[[ RECORD SET, beginning ]]
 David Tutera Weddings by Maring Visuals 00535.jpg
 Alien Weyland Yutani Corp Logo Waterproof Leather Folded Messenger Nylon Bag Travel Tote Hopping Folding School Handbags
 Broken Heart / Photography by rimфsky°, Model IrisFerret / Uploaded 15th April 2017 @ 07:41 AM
[[ RECORD SET, end ]]
[[ RECORD SET, beginning ]]
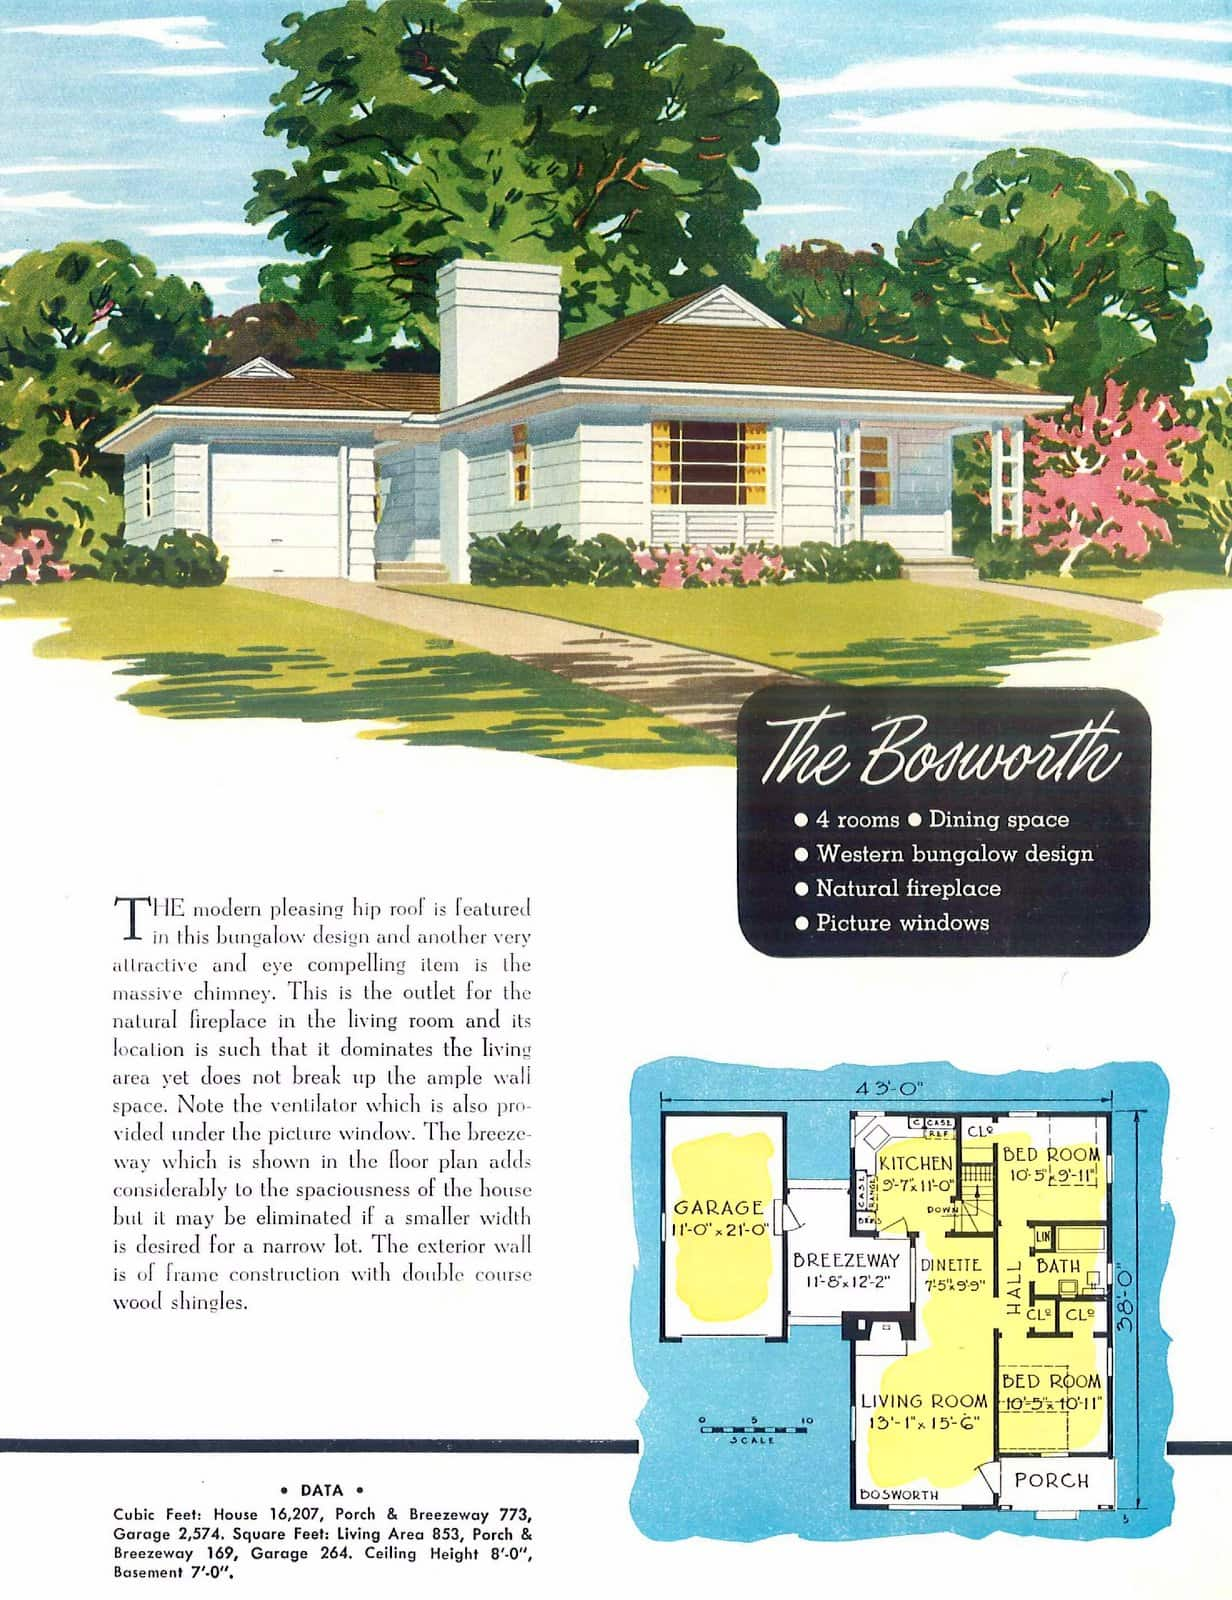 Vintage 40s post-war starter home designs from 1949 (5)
[[ RECORD SET, end ]]
** YOUR OBJECTIVE **
Please copy the lines above from the line with "Alien Weyland Yutani" up to and including the line with "Broken Heart /", exactly as written and with nothing else.

** RESULT **
 Alien Weyland Yutani Corp Logo Waterproof Leather Folded Messenger Nylon Bag Travel Tote Hopping Folding School Handbags
 Broken Heart / Photography by rimфsky°, Model IrisFerret / Uploaded 15th April 2017 @ 07:41 AM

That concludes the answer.